New confusion in individuals taking Cimetidine should prompt assessment of renal function; consider alternatives if necessary.
Persistent reflux symptoms in patients solely taking antacids may necessitate escalation to H2 blockers or PPIs while evaluation is conducted.
Severe diarrhea from Magnesium-based antacids or Misoprostol leads to reassessing therapy and hydration needs.
Significant Interactions
Cimetidine may increase the levels of Warfarin, Phenytoin, and Theophylline.
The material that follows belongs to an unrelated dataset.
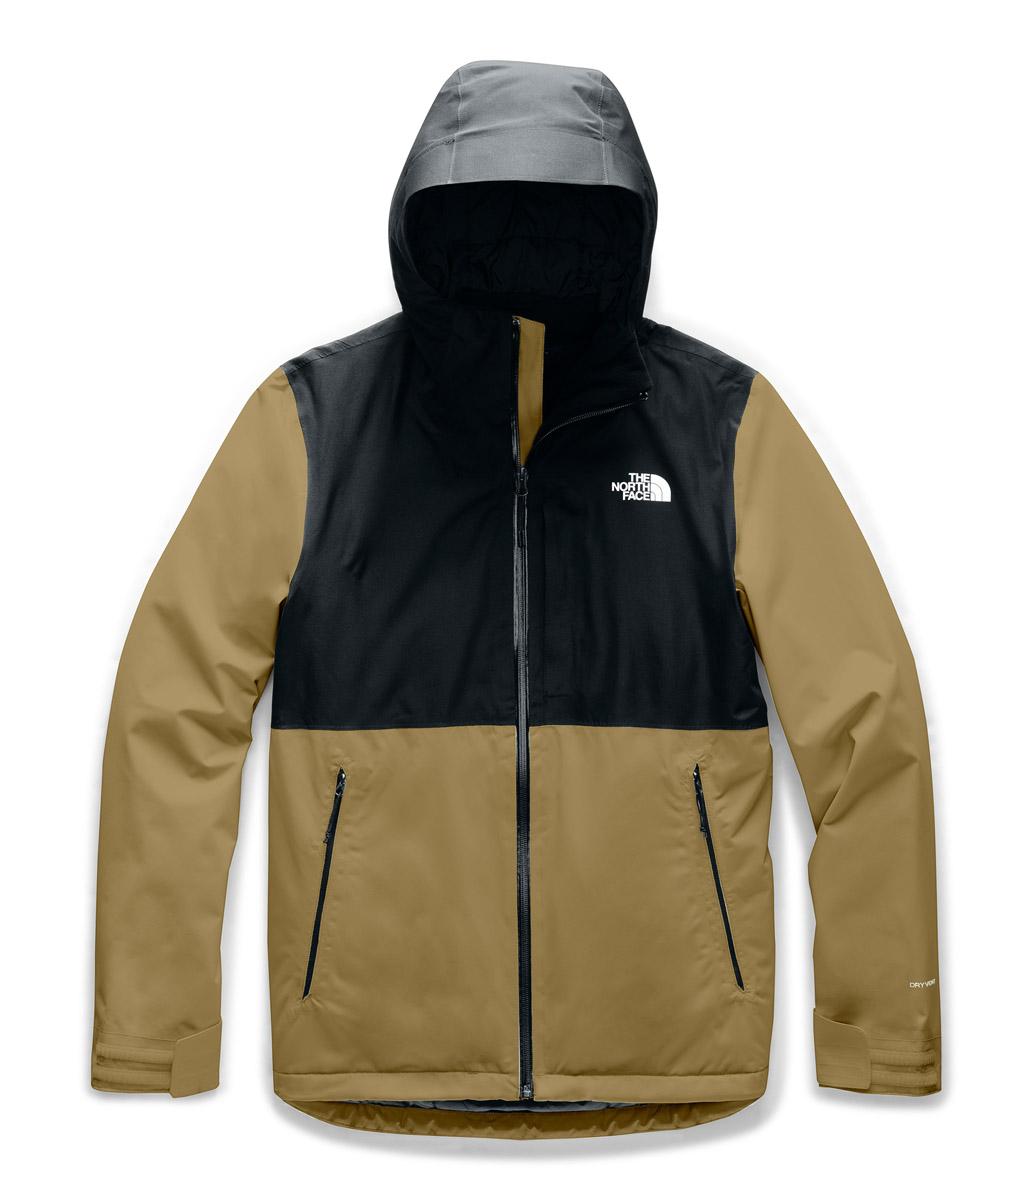 inlux insulated jacket

PPIs can reduce absorption of antifungal medications and may interact with Clopidogrel (Pantoprazole is preferred for such cases).
Be aware that Sucralfate can reduce absorption of Digoxin, Warfarin, Levothyroxine, and certain Fluoroquinolones.
High-Risk Populations
Patients with CKD should avoid Magnesium/Aluminum antacids due to the potential for accumulation.
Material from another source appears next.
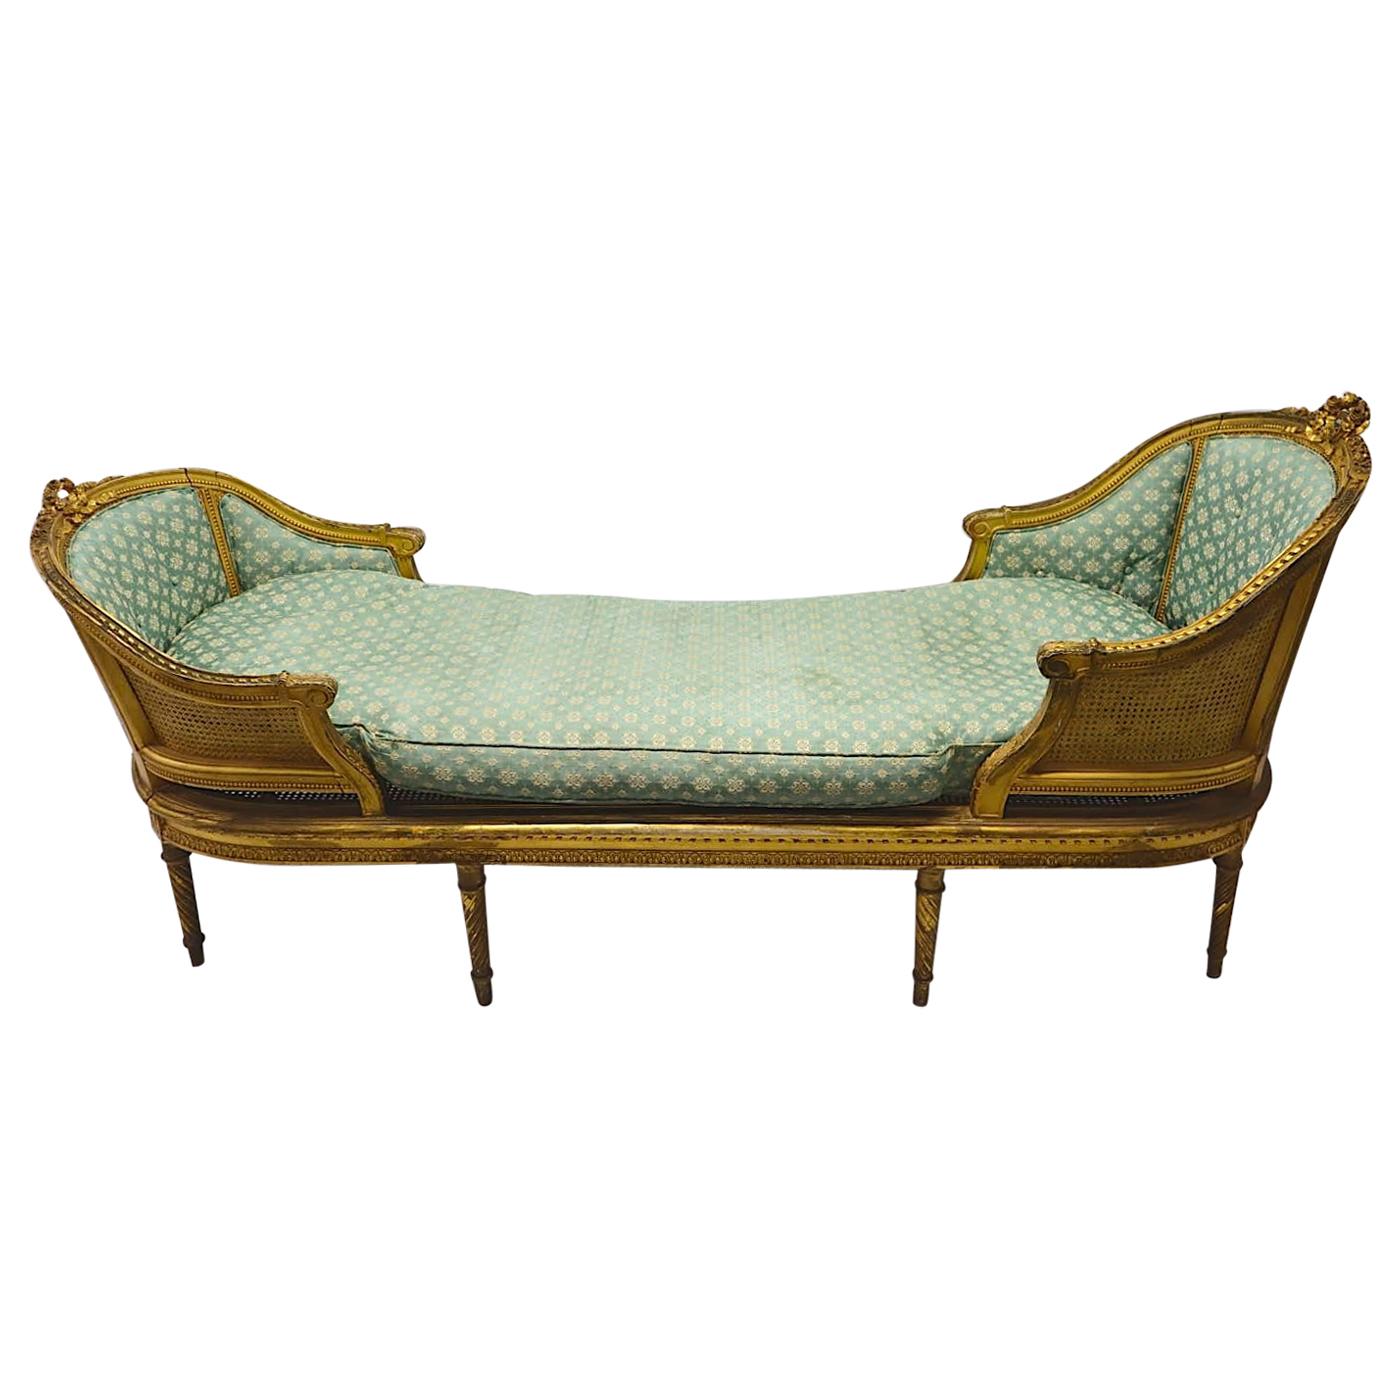 French Luxurious Chaise Longue, circa Mid-18th Century, Louis XIV Style For Sale

Patients with heart failure or hypertension should avoid Sodium Bicarbonate due to fluid retention risks.
Pregnant individuals should avoid Misoprostol altogether.
Elderly patients are more susceptible to increased CNS effects with H2 blockers.
Gastrointestinal Laxatives
Overview
Laxatives promote the evacuation of the bowel.
Indications
Constipation.
Preoperative diagnostic testing preparation.
Preparation for surgery.
Removal of poisonous substances from the GI tract.
Contraindications
Abdominal pain of unknown cause.
Nausea and Vomiting.
Colitis.
Suspected appendicitis.
Intestinal obstruction.
Diarrhea.
Hemorrhage.
Long-term use or abuse of laxatives.
Classifications of Laxatives
Bulk.
Lubricant.
Stimulant.
Saline.
Osmotic.
Chloride Channel Activators.
Bulk Laxatives
Action: Increase stool bulk and stimulate peristalsis.
Onset: 12 - 72 hours.
Bulk Laxatives - Indications
Chronic constipation.
Constipation related to pregnancy or postpartum.
Irritable bowel syndrome.
Diverticulitis.
Bulk Laxatives - Drugs
Methylcellulose (Citrucel).
Psyllium (Metamucil).
Polycarbophil (Fibercon).
Barley malt extract (Malt Suprex).
Adverse Effects of Bulk Laxatives
Constipation.
Fecal impaction.
Intestinal obstruction.
Administration Advice
Bulk laxatives should be in powder form, reconstituted and taken with a full glass of water to mitigate the risk of impaction from insufficient fluid intake.
Lubricants / Emollients
Action: Soften stools and ease fecal passage.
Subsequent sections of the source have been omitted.